A valid input of an HTSQL processor is called an HTSQL query.

In a regular mode of operation, an HTSQL processor is started as a web service and accepts queries as HTTP GET requests. However, an HTSQL query can also be executed using a command-line utility htsql-ctl or via internal Python API.

## Encoding

An HTSQL query is a string of characters in UTF-8 encoding. Octets composing the string could be written literally or percent-encoded. A percent-encoded octet is serialized as three characters: % followed by two hexdecimal digits encoding the octet value.

Percent-encoding is useful for transmitting an HTSQL query via channels that forbid certain characters in literal form. The list of characters that should be encoded depends on the channel type, but the percent (%) character itself must always be percent-encoded.

A NUL character cannot appear in an HTSQL query, neither in literal nor in percent-encoded form.

The HTSQL processor decodes percent-encoded octets before parsing the query. As a consequence, a percent-encoded punctuation or operator character still plays its syntax role.

## Lexical Structure

An HTSQL query is parsed into a sequence of tokens. The following tokens are recognized.

### Name

A sequence of alphanumeric characters that does not start with a digit.

### Number

A numeric literal: integer, decimal and exponential notations are recognized.

### String

A string literal enclosed in single quotes; any single quote character should be doubled.

### Symbol

A valid symbol in the HTSQL grammar; that includes operators and punctuation characters. Some symbols are represented by more than one character (e.g. <=, !~).

Individual tokens may be separated by whitespace characters.

See :class:htsql.tr.scan.Scanner for detailed description of HTSQL tokens.

## Syntax Structure

A sequence of HTSQL tokens must obey the HTSQL grammar.

An HTSQL query starts is a segment expression optionally followed by a sequence of commands.

The following table lists HTSQL operations in the order of precedence, lowest to highest.

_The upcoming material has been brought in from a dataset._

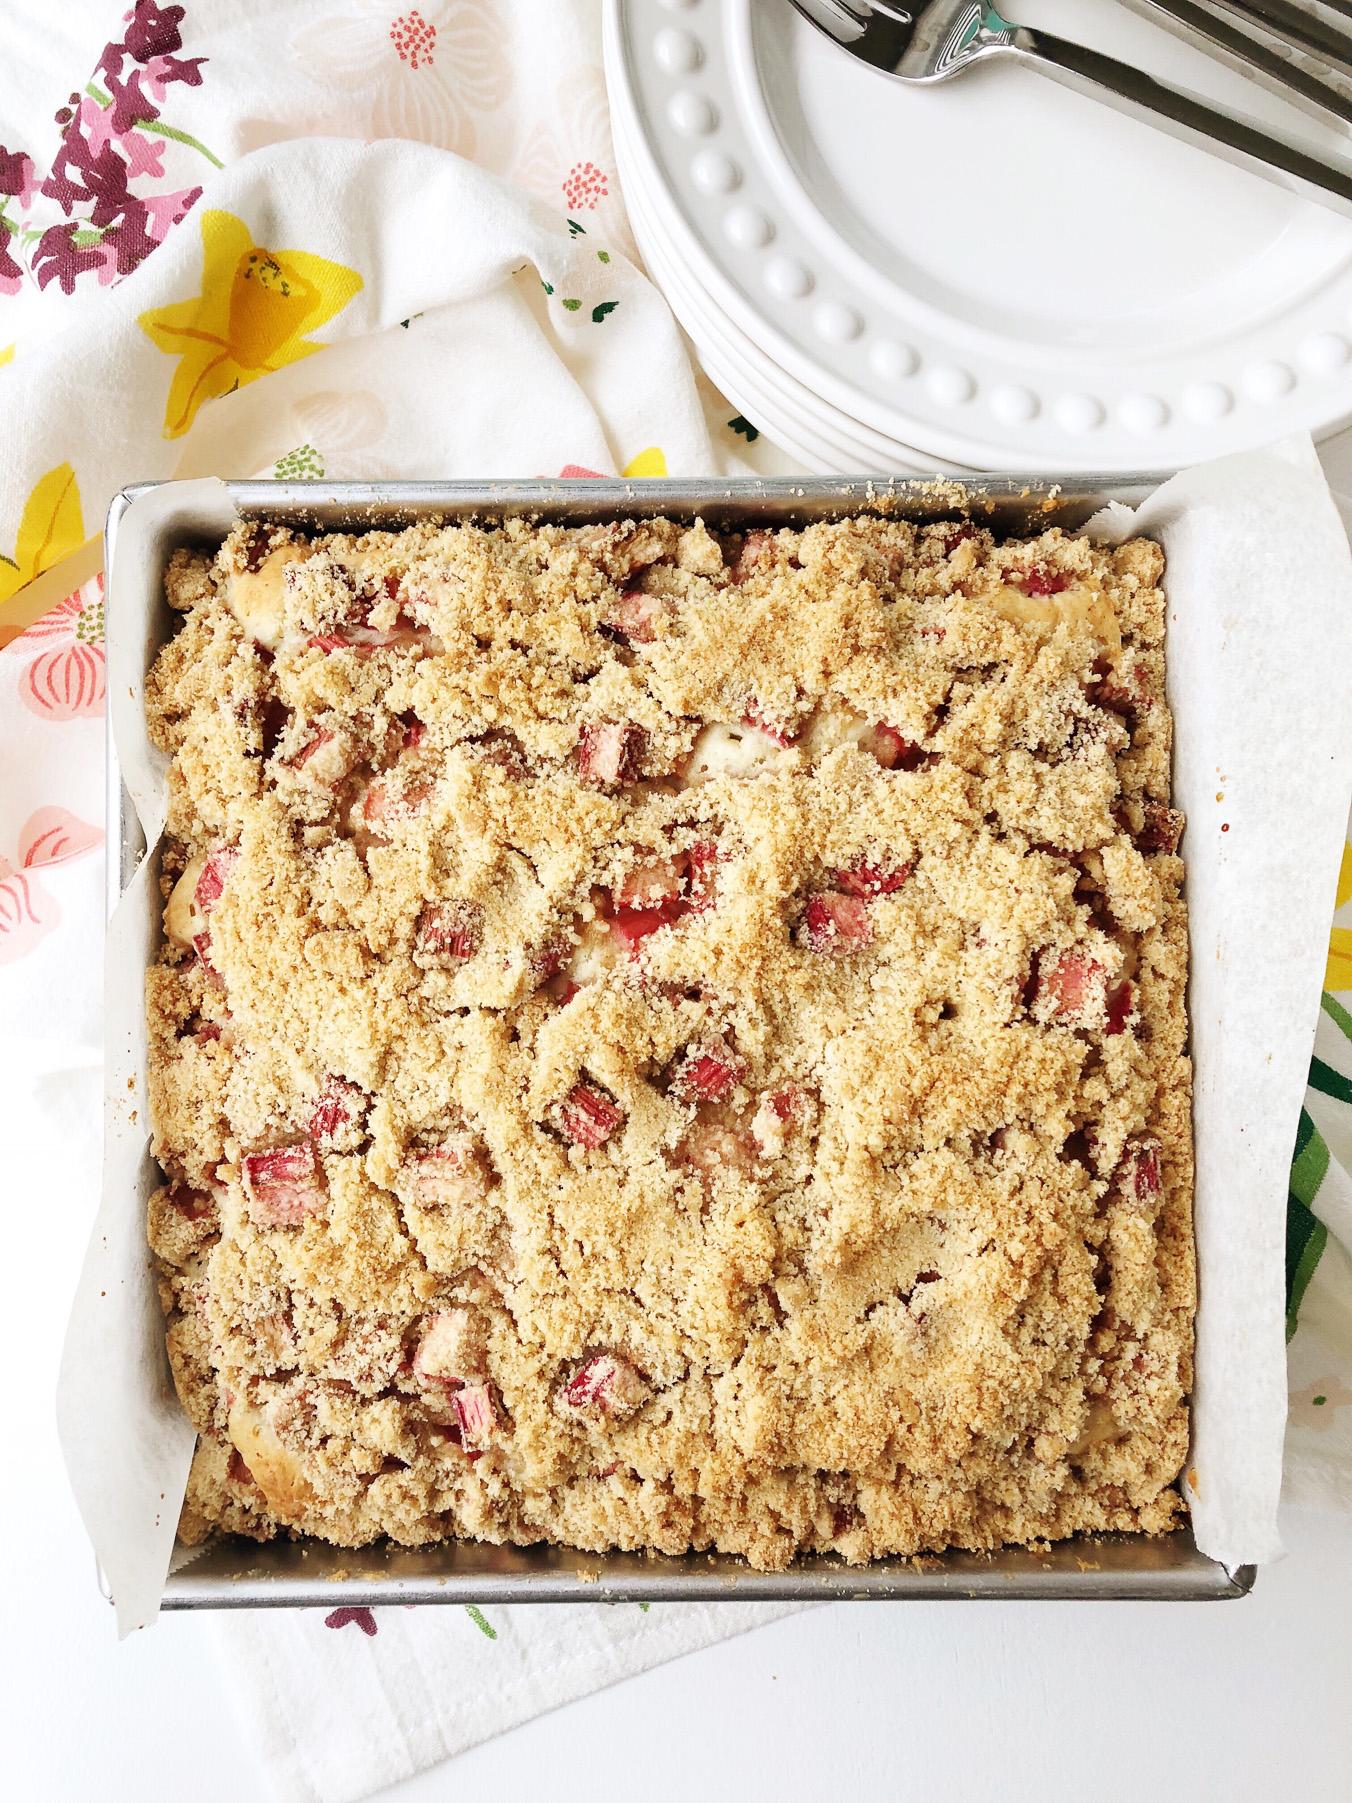 Rhubarb Sour Cream Snack Cake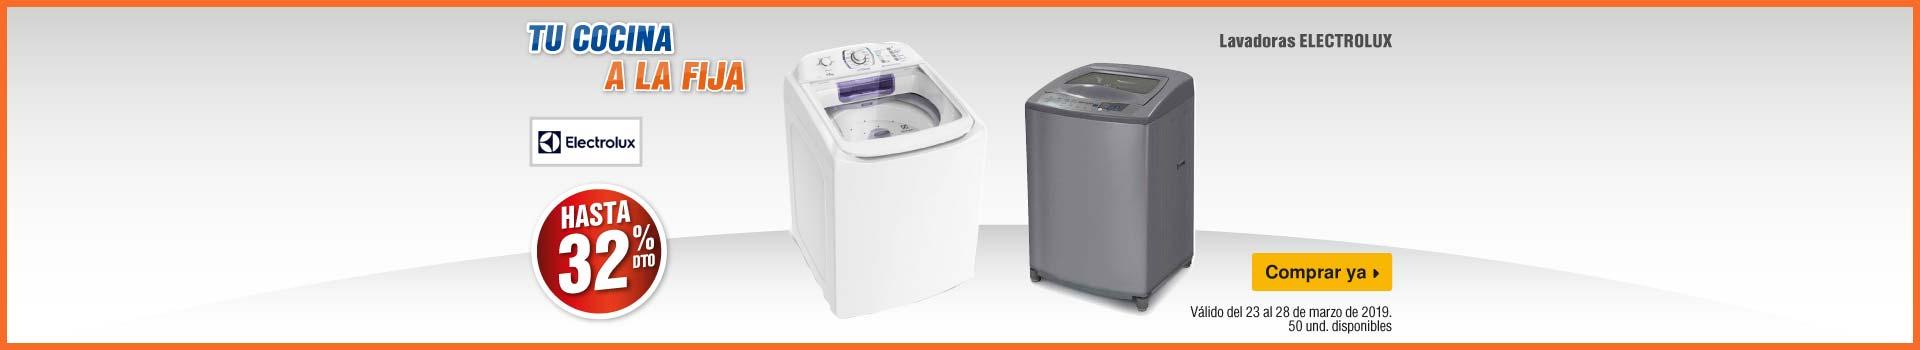 AK-KT-mayores-3-ELECT-BCAT-lavadoras-ELECTROLUX-230319-extra

Operation Description Example Input Output
/ T segment /school
x :fn infix function call 'HTSQL':length 5
x :fn y 1/3 :round 2 0.33
x :fn (y,z,...) 'HTSQL':slice(1,-1) 'TSQ'
x +, x - sorting direction program{degree+}
T ? p sieve program?degree='ms'
T ^ x projection program^degree
T {x,y,...} selection school{code,name}
p | q logical OR true|false true
p & q logical AND true&false false
! p logical NOT !true false
x = y, x != y, comparison 2+2=4 true
x == y, x !== y 'HTSQL'==null false
x ~ y, x !~ y 'HTSQL'~'SQL' true
x < y, x <= y, 12<7 false
x > y, x >= y 12>=7 true
x + y, x - y addition, subtraction 'HT'+'SQL' 'HTSQL'
x * y, x / y multiplication, division 12*7 84
- x negation -42
x -> T attachment 'south' -> school{campus}
T := x assignment num_prog := count(program)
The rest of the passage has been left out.